Истоки Уорхола — в коммерческом искусствеве, и, как не раз говорилось, он так и не оторвался от корней. Сэлли Бейнз, к примеру, отмечая, что в ранних 1960‑х «некоторые полагали коммерческое искусство первым поистине демократичным, общедоступным искусством Америки», подчеркивает, что «превыше всего Энди Уорхол полагал выход в коммерческую плоскость предметом эксплуатации, а не поводом для извинений». Парадокс этого заявления, как позднее прямо говорит Бейнз, заключается в том, что, вопреки якобы демократическому потенциалу, этот «выход в коммерческую плоскость» зачастую побуждал поп-художников, включая самого Уорхола, «некритично принимать — а временами и приветствовать — популярное в господствующей культуре изображение женщины как потребителя и сексуальный объект потребления». Тот факт, что некритичное приятие сексистской коммерциализации зиждется на патриархальном фундаменте, особенно в рамках авангардной работы фигур, подобных Уорхолу, признавал, хоть и невольно, он сам, поминая «означающие отца, которые маячат и в "рор", и в "dada"», а затем утверждая, что «dada, очевидно, как-то связано с pop — смешно, эти слова почти синонимы».[19]
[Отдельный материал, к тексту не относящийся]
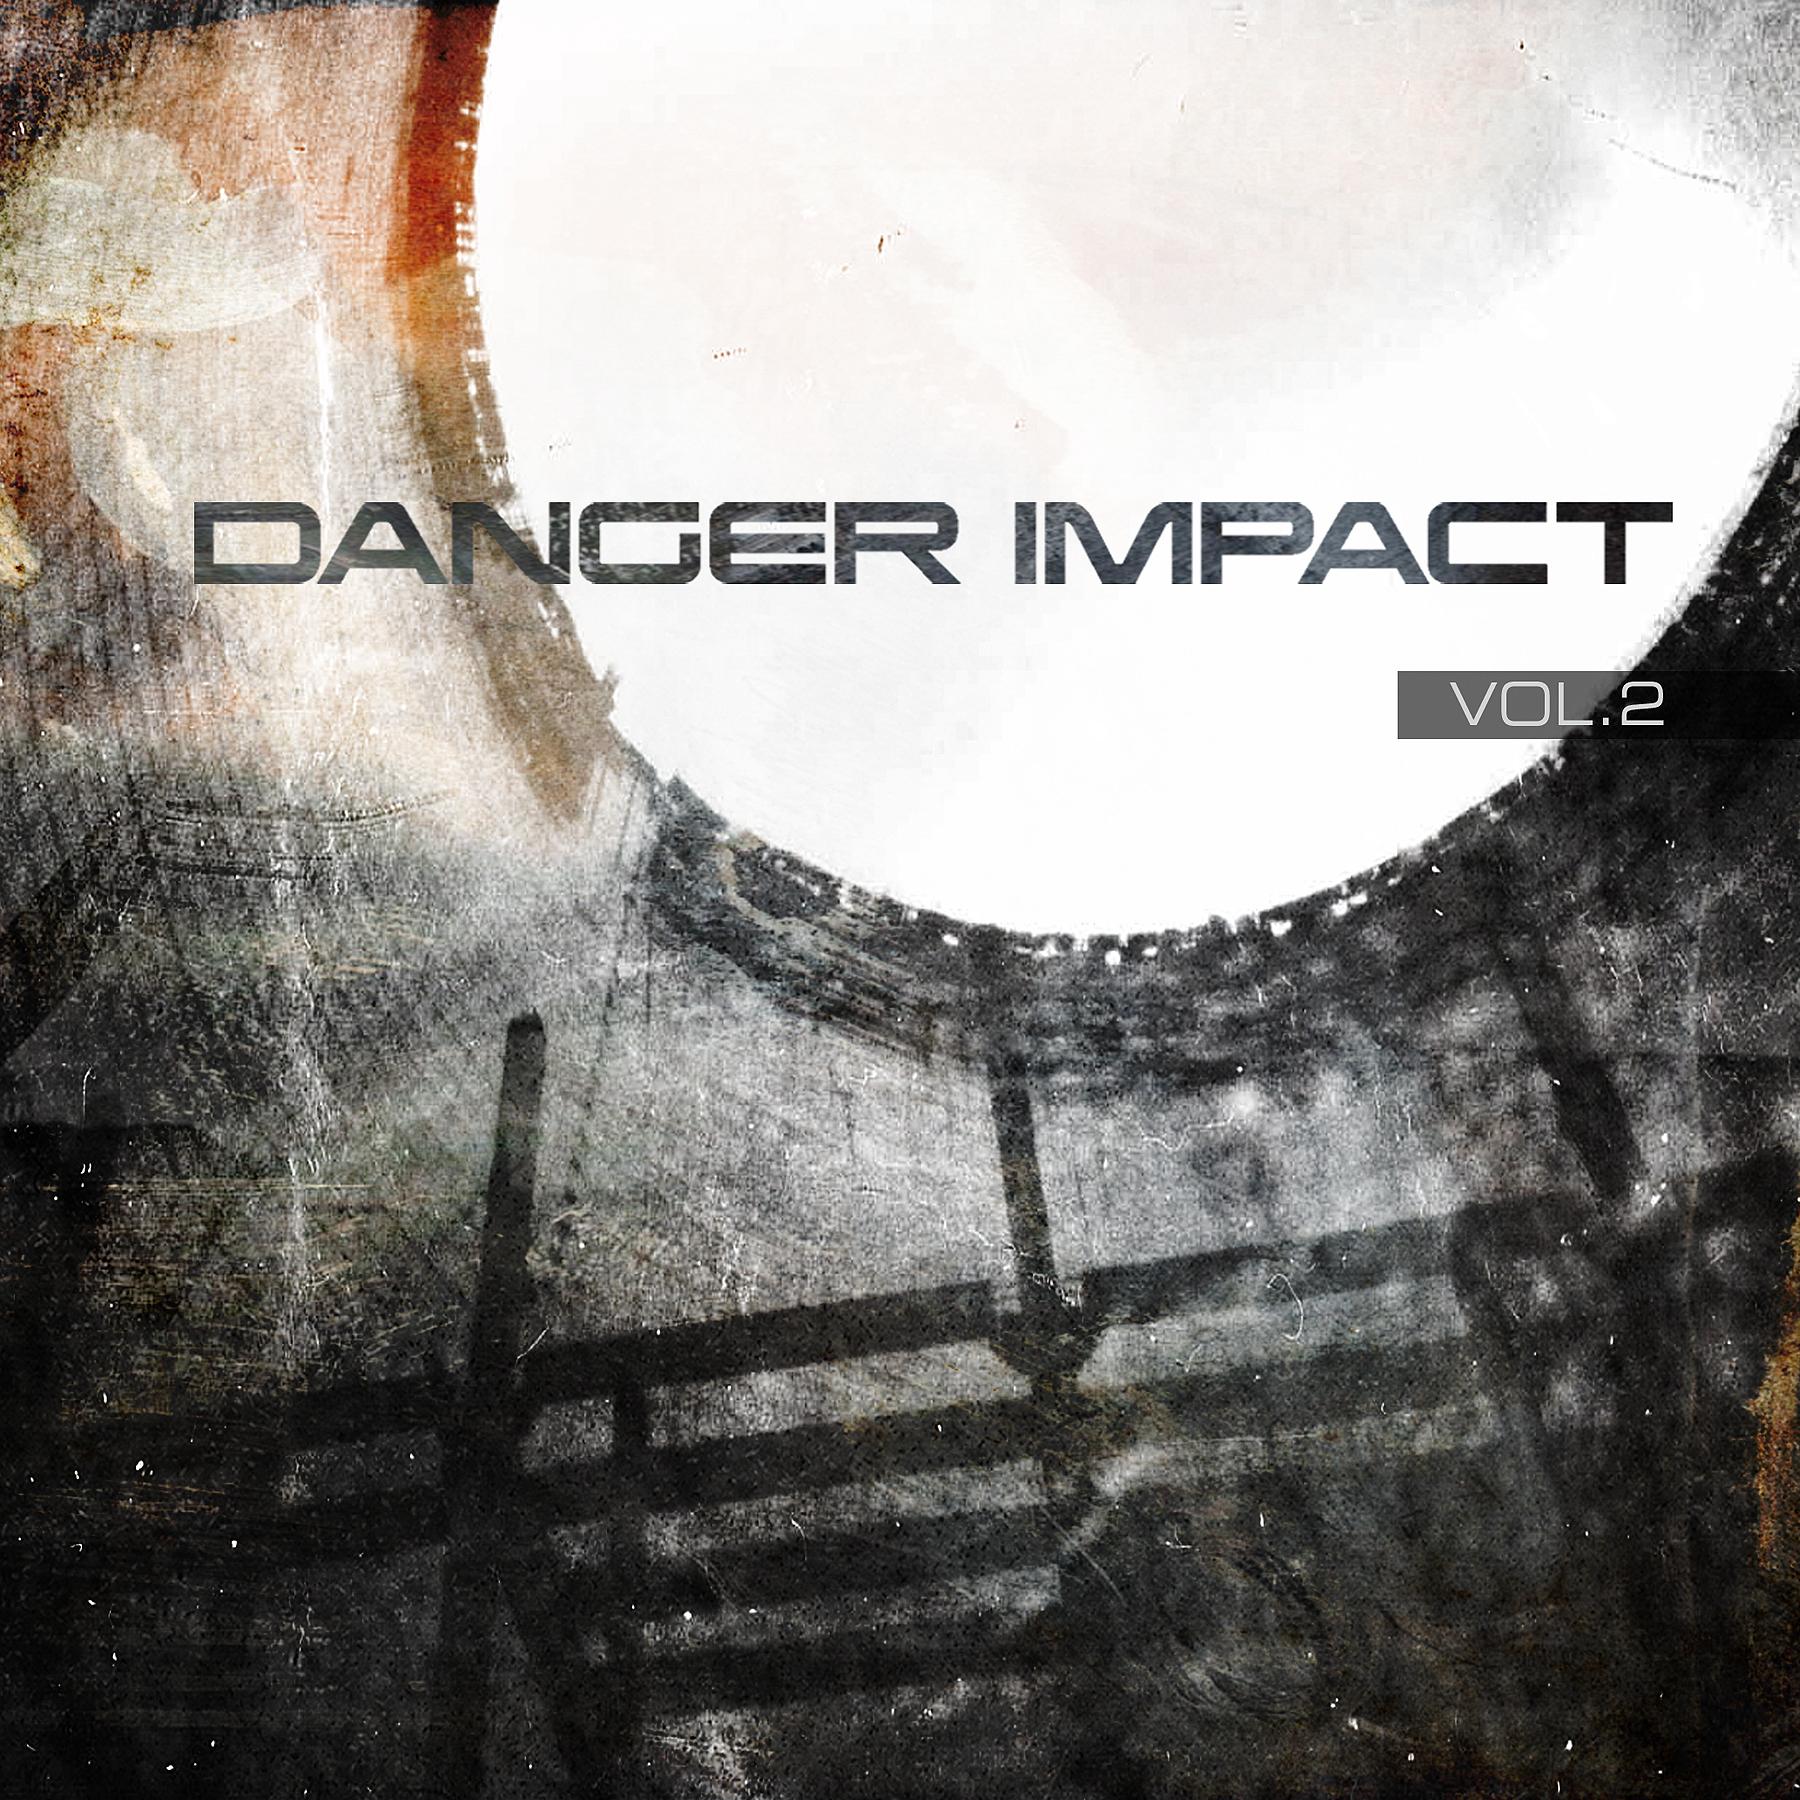 Danger Impact 2

В повседневной речи «pop» and «dada» — нежные обращения к отцу, однако берлинский дадаизм создал политический прецедент, резко противоречащий уорхоловскому приятию коммерции; что важнее, его впоследствии впитала и Соланас, развернувшая полномасштабную критику авангарда. Разумеется, у дадаизма тоже имеется патриархальный багаж, и, возможно, поэтому в манифесте Соланас не обозначает дадаистов внятно как своих предшественников, но и эта двусмысленность — лишь один пример в целом ряду критических инверсий, который ловко и однозначно помещает ее в рамки авангардных антитрадиций. Как отмечает Лора Ремпел, у авангарда всегда были сложные отношения с предшественниками: «Акт символического убийства своих эстетических родителей исторически и историографически был важным ритуалом инициации при вступлении в ряды художественного авангарда — ожидаемым непочтением». Над дадаизмом манифест издевается завуалированно, а вот выстрел Соланас в поп-арт поднимает «символическое убийство эстетических родителей» на поразительные, новые и нежданные высоты непочтения.
Эта обоюдоострая стратегия выковывания критики авангарда путем подрывного присвоения его тропов отражена в работе Соланас последовательнее всего. Воинствующий антикапитализм превращает Соланас в антитезу коммерческим поп-авангардным фигурам, подобным Уорхолу, и связывает с революционной программой, зачастую ассоциируемой с историческим авангардом, но ее антипатриархальность взрывает самые основы этого авангарда, средствами имманентной критики способствуя его дальнейшему развитию. Эта критика присутствует и в манифесте Соланас, и в ее акте насилия. С одной стороны, антикапитализм манифеста сопровождается приятием ключевых понятий из «Обоснования и манифеста футуризма» Маринетти 1909 года — например, «любви к опасности, привычки к энергии и бесстрашию» и «разрушительных действий освободителей»; с другой — неприкрытое пренебрежение Соланас к мужчинам выворачивает наизнанку «презрение к женщине», в открытую высказываемое футуристами. Более того, выстрелив в Энди Уорхола, Соланас подрывным же образом довела гиперболизированную воинствующую риторику авангардного манифеста до логического завершения. Выстрел был беспрецедентным актом в истории авангарда — он пробил навылет не только риторические позы футуристов, но и сюрреалистическую браваду Андре Бретона. Собственно говоря, он наконец-то заставил раскрыть карты Бретона с его заявлением 1924 года о том, что «простейший акт сюрреализма — мчишься по улице с пистолетом в руке и, едва успевая жать на спуск, вслепую палишь по толпе».